• **To do**
When you set down the entries, keep every word exactly as it is but drop the pictures.

-*-

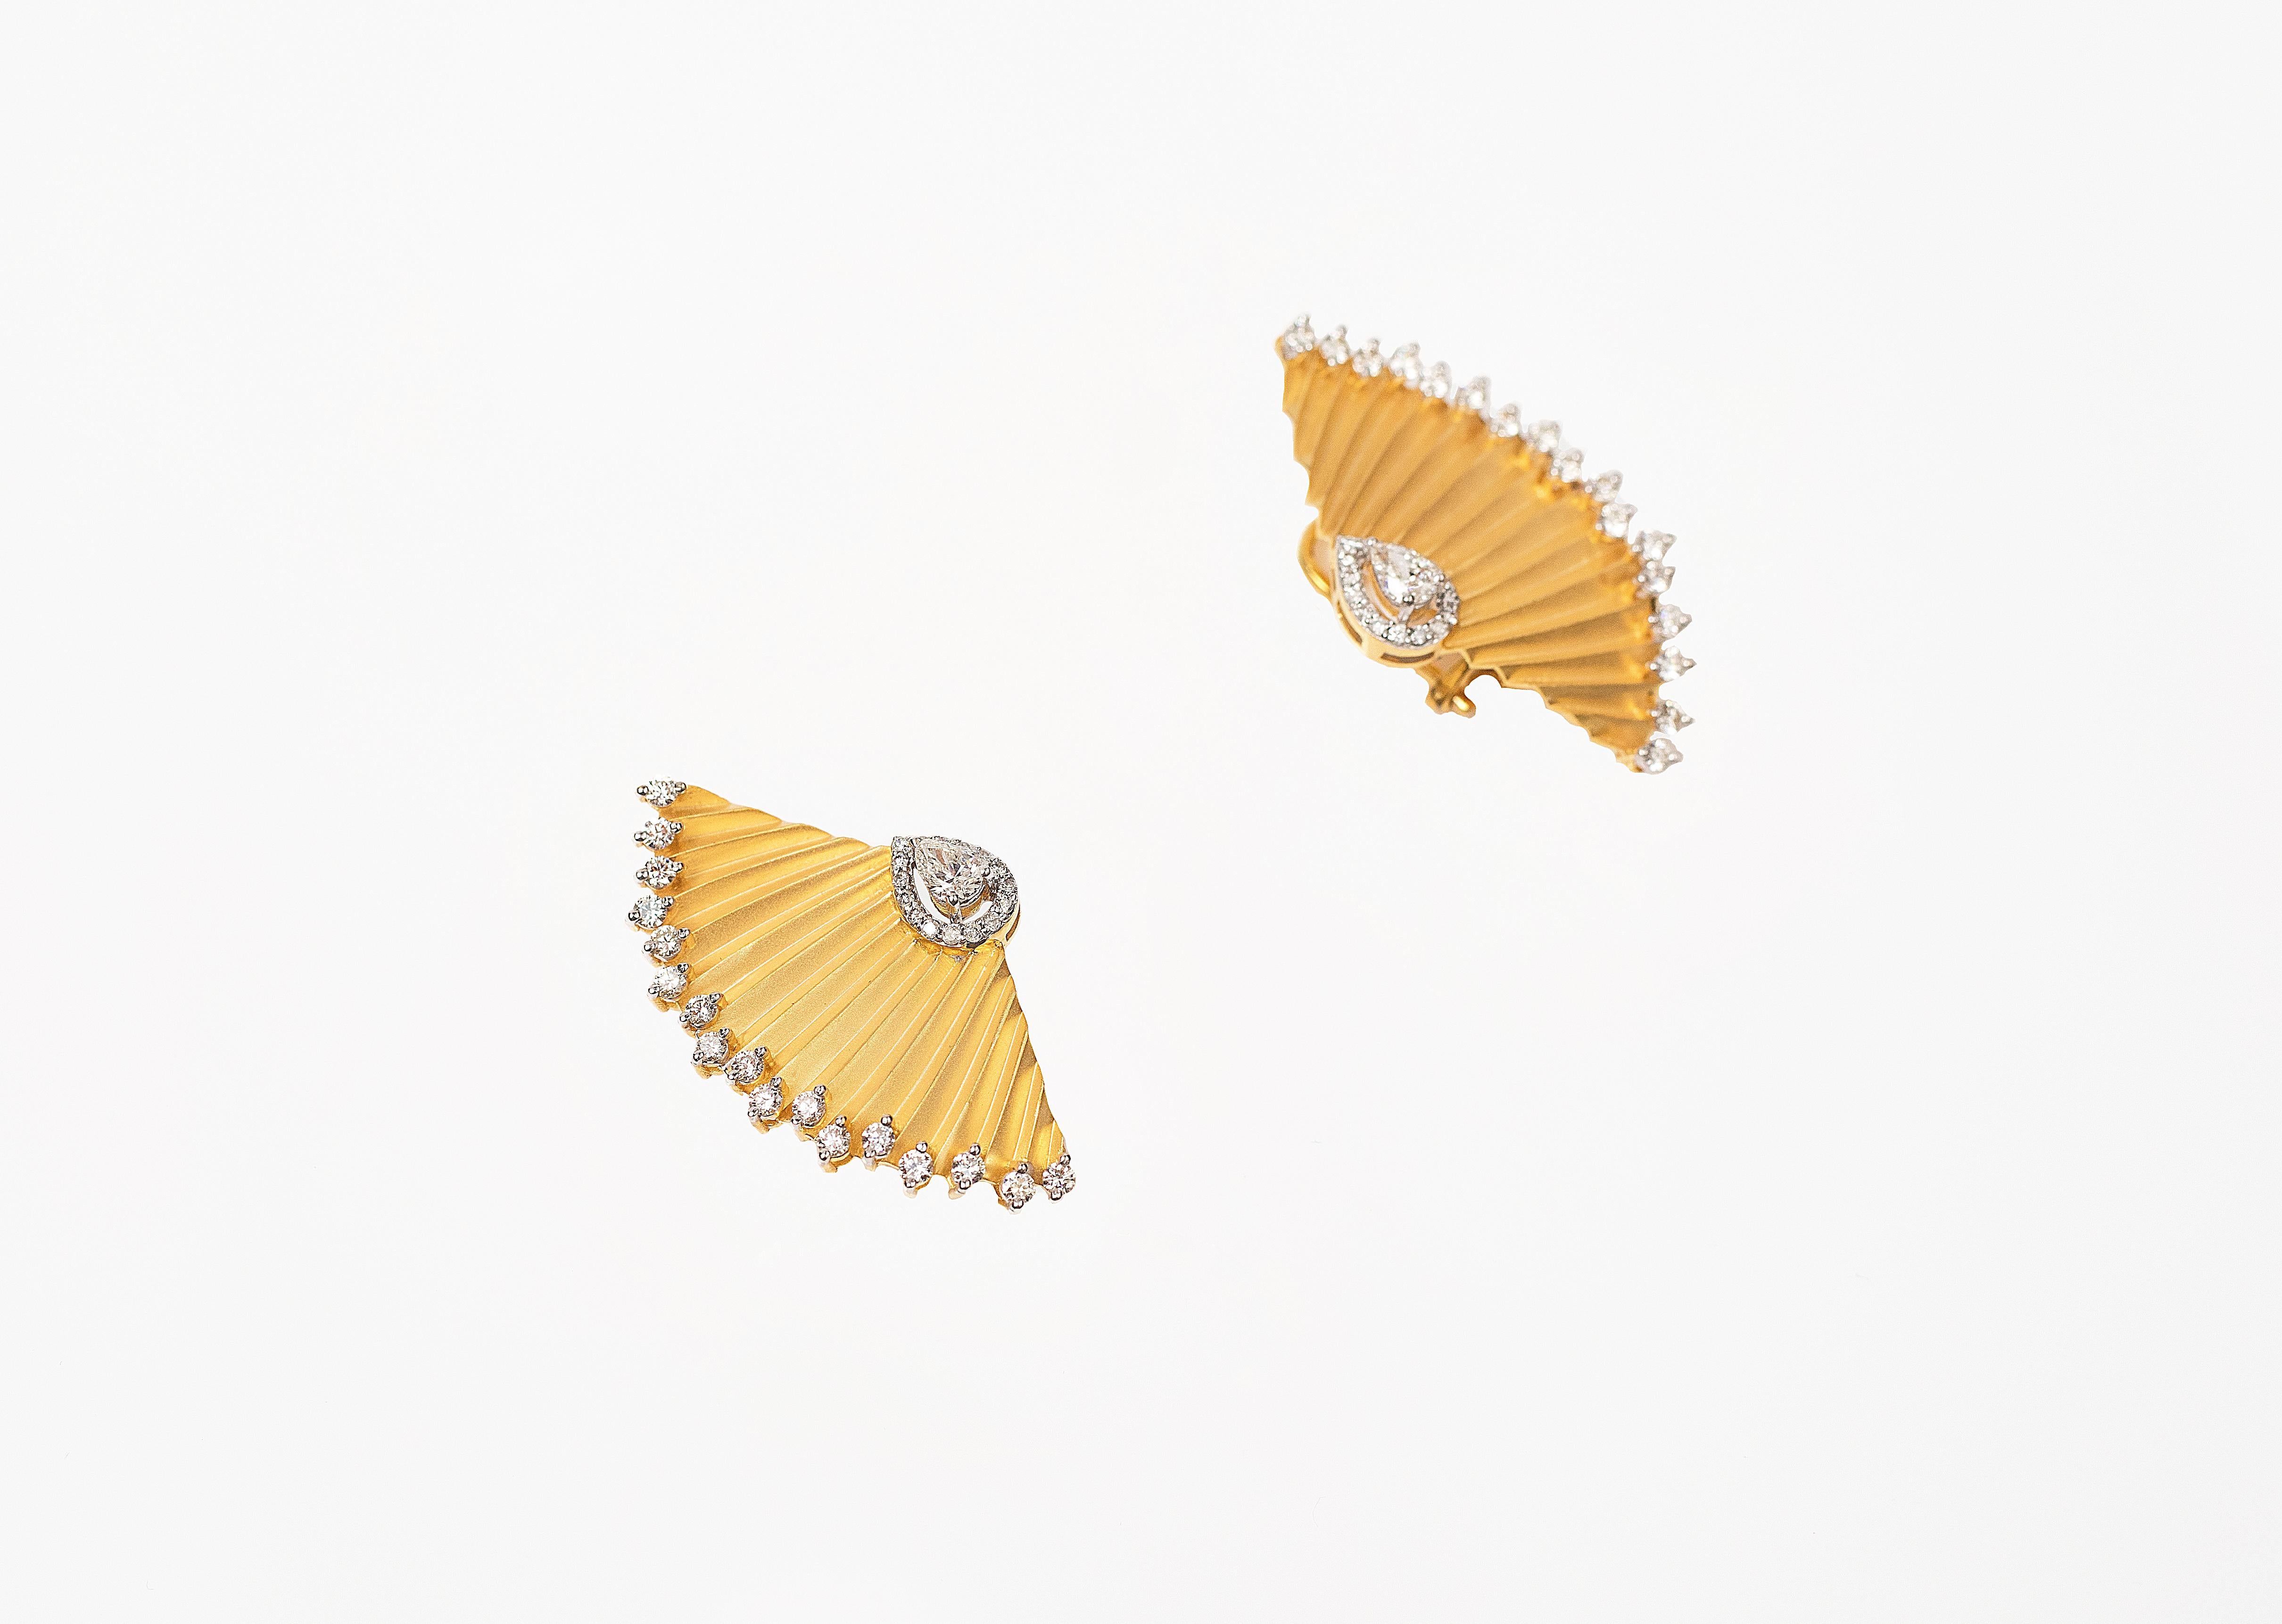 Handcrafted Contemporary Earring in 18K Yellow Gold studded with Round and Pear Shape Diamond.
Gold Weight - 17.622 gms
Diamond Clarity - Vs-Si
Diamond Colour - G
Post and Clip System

-*-

• **Exercise output**
 Handcrafted Contemporary Earring in 18K Yellow Gold studded with Round and Pear Shape Diamond.
Gold Weight - 17.622 gms
Diamond Clarity - Vs-Si
Diamond Colour - G
Post and Clip System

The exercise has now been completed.